Owing to the outbreak of the global financial crisis in 2008, the world economy suffers an unprecedented impact. In order to stabilize the economy, the central government of China launches a "four trillion" industrial revitalization plan, and clearly puts forward the economic growth target of 8 percent. In this situation, Chinese various local governments have launched their own supporting fiscal stimulus plans, making the final stimulus funds reach a staggering 20 trillion.
The central and local governments' double protection policy really makes a lot of enterprises resume production and stabilizes the employment in the short term. However, in the long term such a policy undermines the allocation function of market mechanism. A lot of resources have flowed into the central enterprises and state-owned enterprises, which severely crowds out investment and consumption of private enterprises and individuals. From 2010 when the State Council issued Notice of Further Strengthening the Work of Eliminating Backward Production Capacity to the December 2016 when the central economic work conference stressed again the importance of "removing capacity", overcapacity has become an urgent problem to be solved in Chinese comprehensively deepening reform.
There have been a lot of researches on overcapacity in academia, and most of them emphasize excessive government intervention as the most important factor. However, some scholars suggest the government guidance in the light of a general trend is an important basis for social development and progress. So, is it true that government protection is bound to lead to overcapacity? Or does the unreasonable degree and frequency of protection really account for this? Based on this thinking, this paper takes "official promotion tournament" system as the basic framework, and depicts a whole policy effect mechanism in which the central government raises the test weight of economic growth, then the local governments increase fiscal subsidies and finally enterprises expand production, thereby leading to overcapacity. It emphasizes the system defect is the reason for the implementation of repeated protection policy by local governments.
Then, this paper takes the industry incentive catalogues of 10th and 11th Five-Year Plans and fiscal subsidies as the proxy variables of central and local government policy protection respectively. Using the data of Chinese manufacturing listed companies, it employs the fixed effect model, propensity score matching method and event shock DID method to empirically test the hypothesis, from the perspective of state-owned and private property. It comes to the results as follows:firstly, single policy protection does not lead to serious overcapacity, but the mixed industrial encouragement policy issued by the central government and fiscal subsidy policy implemented by the local governments, actually account for overcapacity; secondly, when the central government clearly declines the task of economic growth, the firms are more prone to overcapacity where the local governments quickly launch a local version of the fiscal stimulus plan; finally, double protection effect is more pronounced in state-owned enterprises.
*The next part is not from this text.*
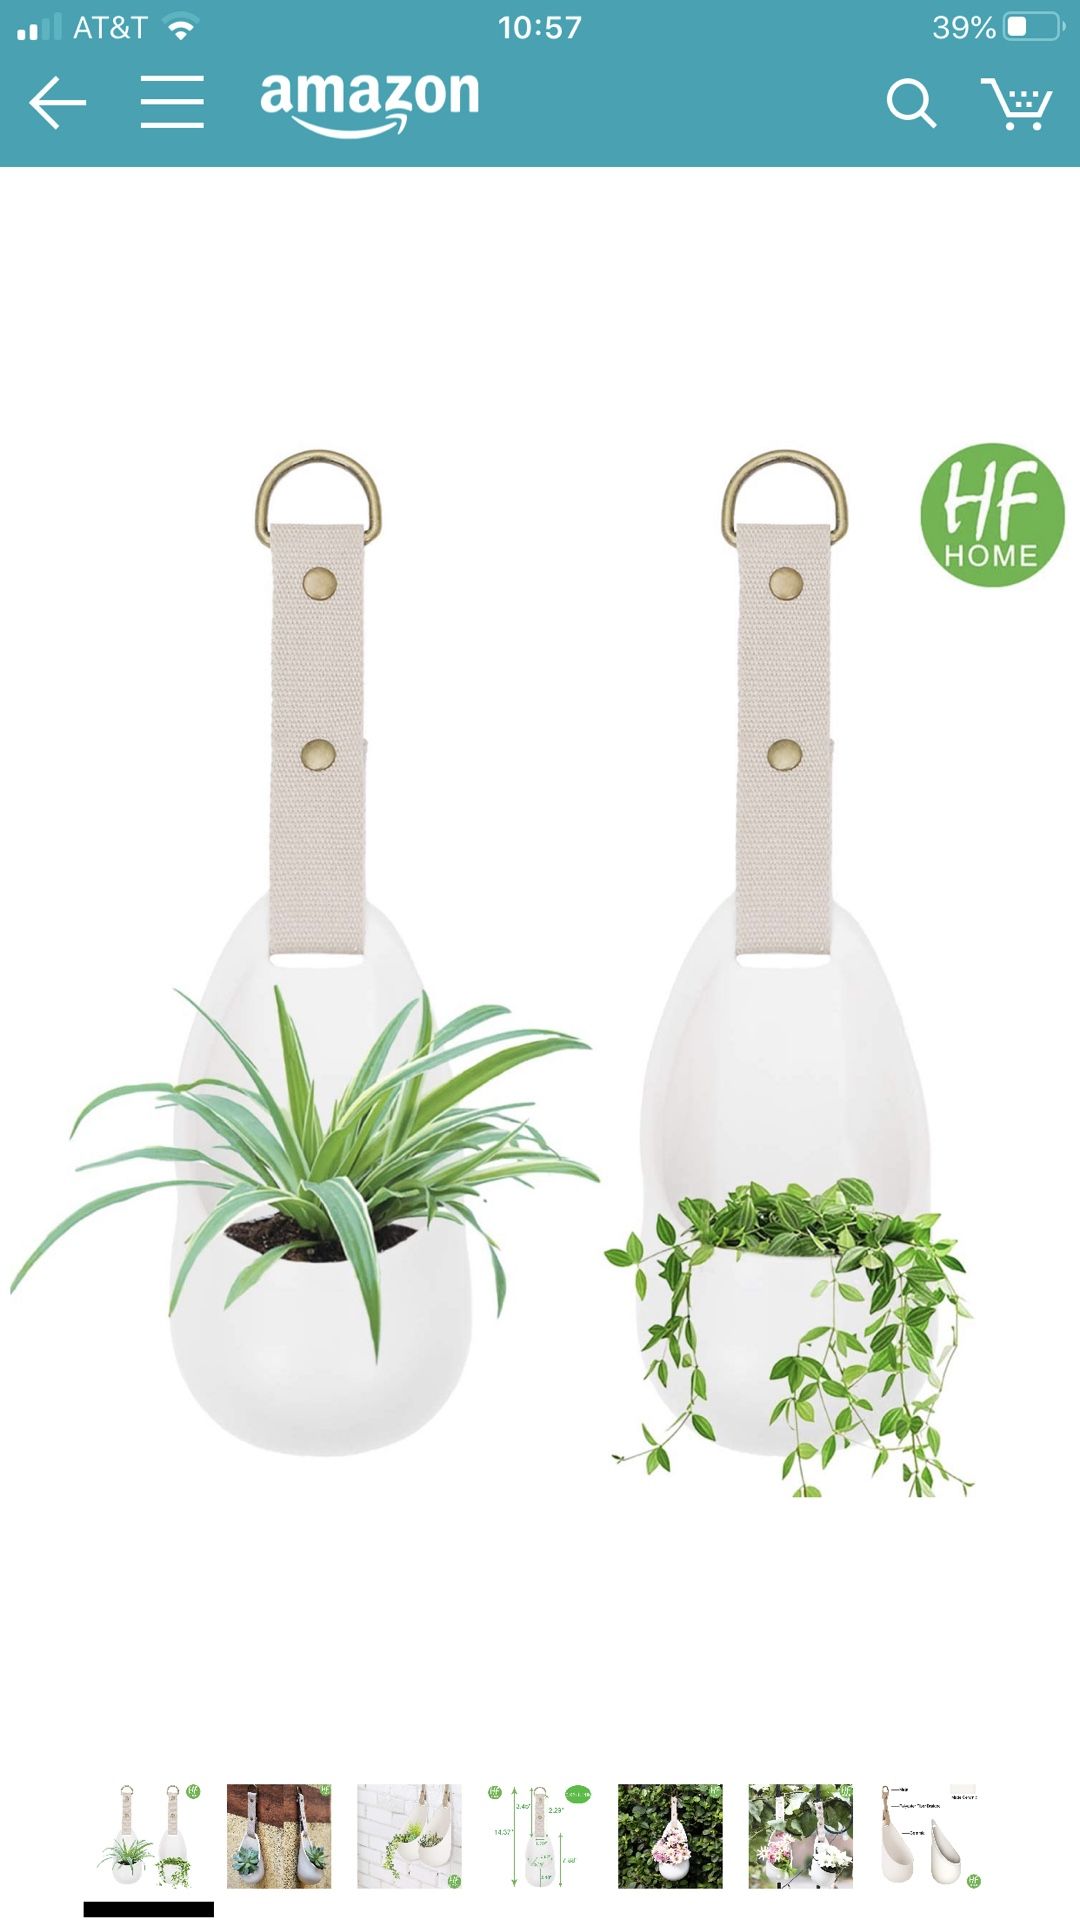 Set 2 Wall Hanging Planters with Strap, Modern Wall Decor Unglazed Ceramic Air Plant Holder Indoor Home Decor Plant Hanger - White

The marginal contribution of this paper is as follows:firstly, it presents a new view on the causes of overcapacity, and emphasizes that the single government protection does not lead to severe overcapacity, and double protection policy aiming at completing the assessment really accounts for overcapacity; secondly, it relies on the government evaluation system emphasizing economic growth, and then constructs a theoretical model of the interaction among a central government, local governments and enterprises, providing a theoretical basis for other studies; thirdly; it uses propensity score matching method and event shock DID method to deal with the endogeneity problem, providing a reference for technical methods of other researches.